Additional advantages and features of the invention will become apparent from the detailed description that follows and will be particularly pointed out in the appended claims.

BRIEF DESCRIPTION OF THE DRAWINGS

To complete the description and in order to provide for a better understanding of the invention, a set of drawings is provided. Said drawings form an integral part of the description and illustrate an embodiment of the invention, which should not be interpreted as restricting the scope of the invention, but just as an example of how the invention can be carried out. The drawings comprise the following figures:

Figure 1 schematically shows a LPG direct injection engine according to a first preferred embodiment of the invention.

Figure 2 schematically shows a first preferred embodiment of a high pressure injection pump according to the invention. Figure 3 schematically shows a LPG direct injection engine according to a second preferred embodiment of the invention.

Figure 4 schematically shows a LPG direct injection engine according to a third preferred embodiment of the invention. Figure 5 schematically shows a second preferred embodiment of the high pressure injection pump according to the invention. Figure 6 schematically shows a third preferred embodiment of the high pressure injection pump.

Figure 7 schematically shows a LPG direct injection engine according to a fourth preferred embodiment of the invention. DESCRIPTION OF A PREFERRED EMBODIMENT

The following description is not to be taken in a limiting sense but is given solely for the purpose of describing the broad principles of the invention. Embodiments of the invention will be now described by way of example, with reference to the above-mentioned drawings showing elements and results according to the invention.

The invention proposes a direct injection engine in which engine malfunction is avoided by eliminating or preventing the formation of liquefied petroleum gas (LPG) bubbles in its the fuel supply system, when the direct injection engine is run on LPG. Figure 1 schematically shows an LPG direct injection engine 100 which comprises:

a combustion chamber 1 having a spark plug 2;

a piston 3;

an intake valve 4 or valves for letting air come inside the combustion chamber;

an exhaust valve 5 or valves for letting exhaust gases go out of the combustion chamber; - one or more injectors 6 for injecting fuel into the combustion chamber;

a high pressure pump 9 for feeding pressurized liquefied petroleum gas to the injectors; and

an electronic control unit 13, ECU, for controlling the operation of the direct injection engine.

During operation of the engine, the intake valve(s) 4 is opened and air is inducted inside the cylinder by means of the downward motion of the piston.

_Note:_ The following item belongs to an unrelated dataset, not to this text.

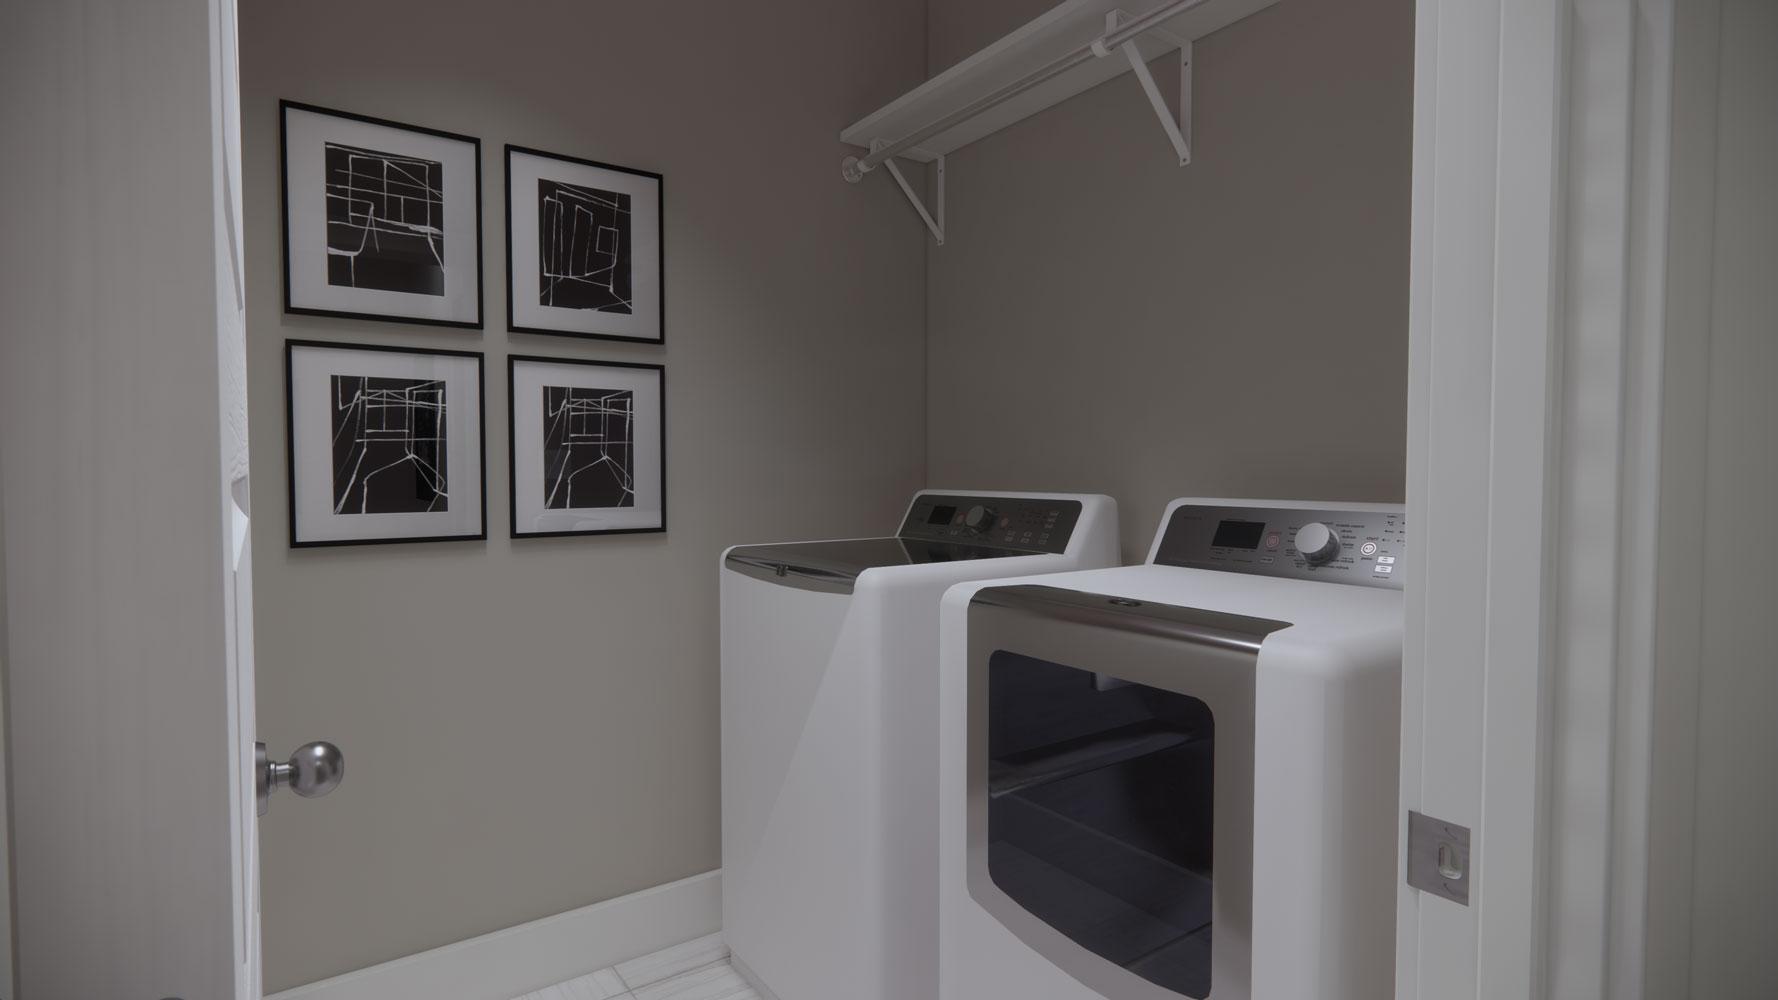 Laundry Room at Echelon at Reverchon Bluffs in Dallas, Texas

During the intake and/or the compression stroke, LPG is injected directly inside the combustion chamber through the injector 6, mixing with the air present therein. Around top dead centre (TDC), the spark plug 2 releases a spark which ignites the mixture of air and LPG. The pressure increase caused by the combustion pushes the piston 3, which generates mechanical power. Finally, the exhaust valve(s) 5 is opened and the combustion gases are expelled to the exhaust system.

As also shown in Figure 1 , the direct injection engine 100 comprises a fuel supply system having: a low pressure fuel supply line 10 with a low pressure pump 1 1 submerged in a tank 12 where the fuel is; and,

a high pressure fuel supply line 15 including a high pressure pump 9 with a flow control valve (solenoid 96 + check valve 93, see Fig. 2), a high pressure rail 7 with a pressure sensor 8 at one end, and high pressure direct injection injectors 6.

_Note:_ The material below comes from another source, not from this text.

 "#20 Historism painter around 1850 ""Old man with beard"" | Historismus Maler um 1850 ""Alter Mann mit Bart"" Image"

In Figure 2 the details of a high pressure pump 9 according to a first preferred embodiment are depicted. These high-pressure pumps usually comprise:

• a high pressure chamber 91 ;

· a low pressure chamber 97 filled with LPG from the tank 12 through inlet 101 ;

• a plunger 92 which moves in and out of the high pressure chamber 91 ;

• a first check valve 93 on the intake side to avoid back flow to the low pressure chamber 97;

• a second check valve 94 to avoid back flow from the high pressure rail 7 to the high pressure chamber 91 ;

· a safety valve 95 to avoid over pressure in the high pressure chamber 91 ;

• a solenoid 96 which together with the first check valve 93 form a flow control valve, located in the passage from the low pressure chamber 97 to the high pressure chamber 91 .

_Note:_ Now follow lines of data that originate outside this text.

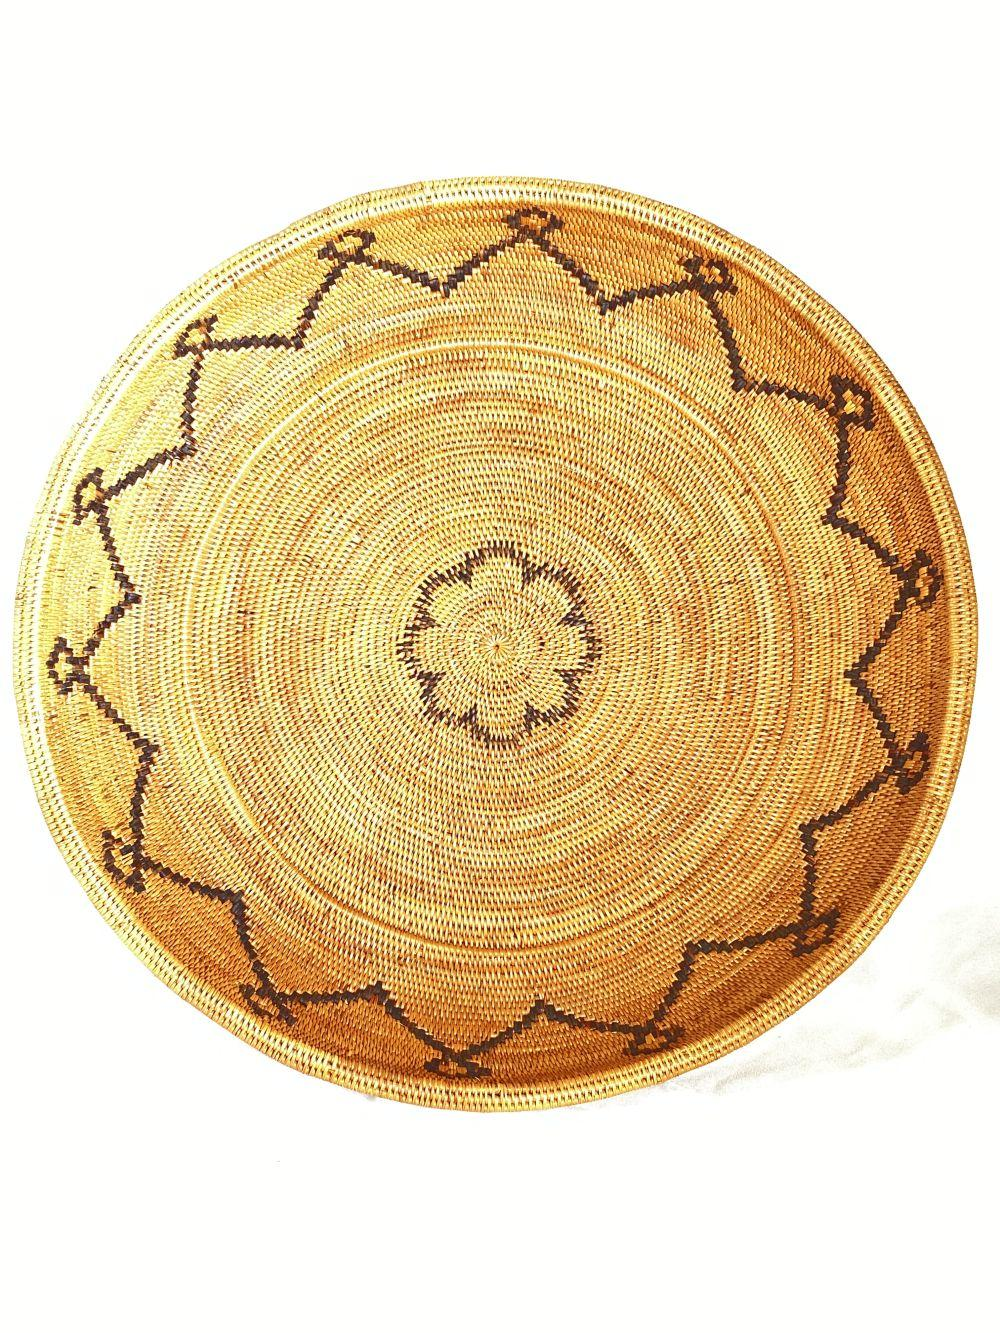 South African Zulu Basket Llala Palm
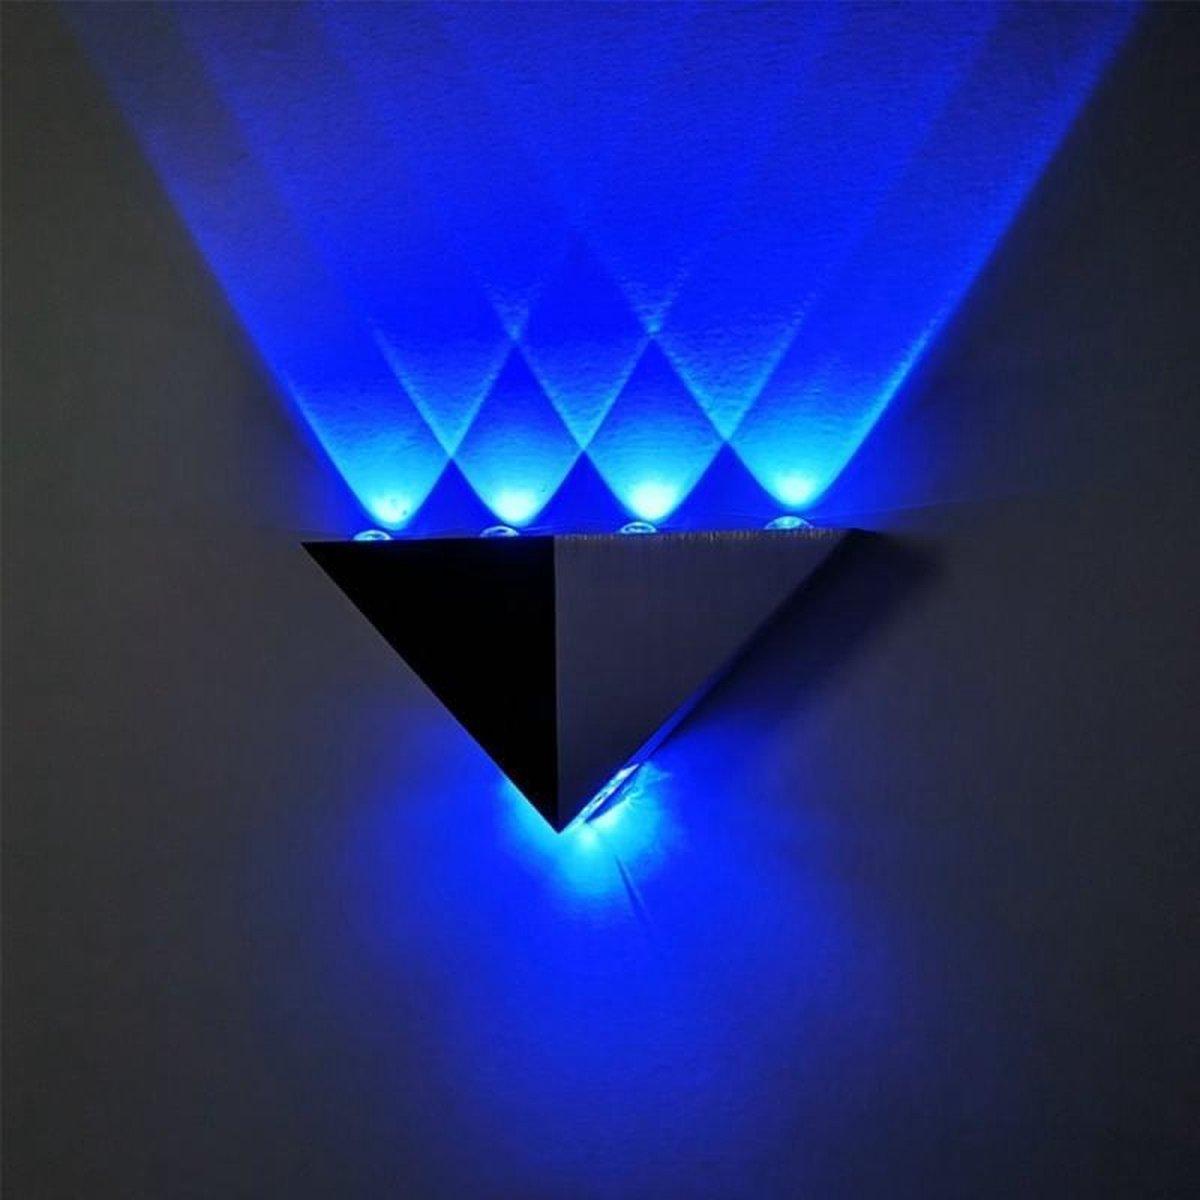 Bol Com Ywxlight 5w Driehoek Creatieve Led Muur Lamp Corridor Gangpad Lichten Bar Slaapkamer
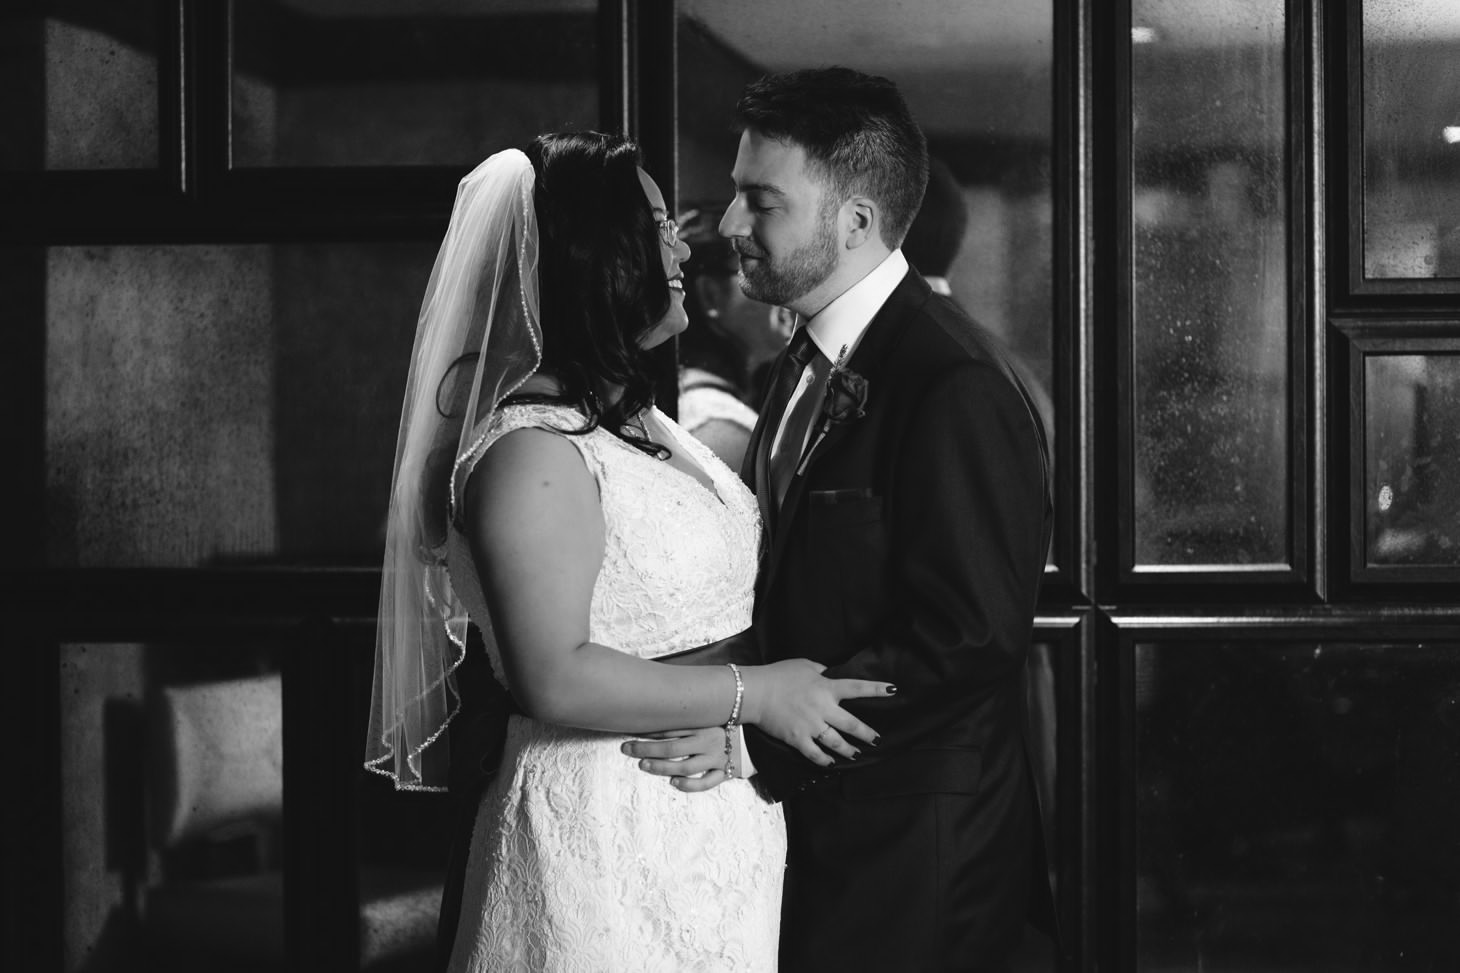 001-nyc-wedding-portrait-photographer-times-square-muse-hotel-winter-wedding-smitten-chickens.jpg

The control of the pressure delivered by the high pressure pump 9 is based on the actual pressure in the rail 7 read by the pressure sensor 8. During operation of the engine, LPG flows into the rail 7 coming from the high pressure pump 9 and flows out of the rail through the injectors 6. The plunger 92 moves in and out of the high pressure chamber 91 , typically actuated by a cam. During the outward stroke, LPG flows from the low pressure chamber 97 to the high pressure chamber 91 through the first check valve 93 filling it with fuel. During the inward stroke, fuel is forced through the second check valve 94 to the high pressure rail 7, while the first check valve 93 prevents flow of LPG to the low pressure chamber 97.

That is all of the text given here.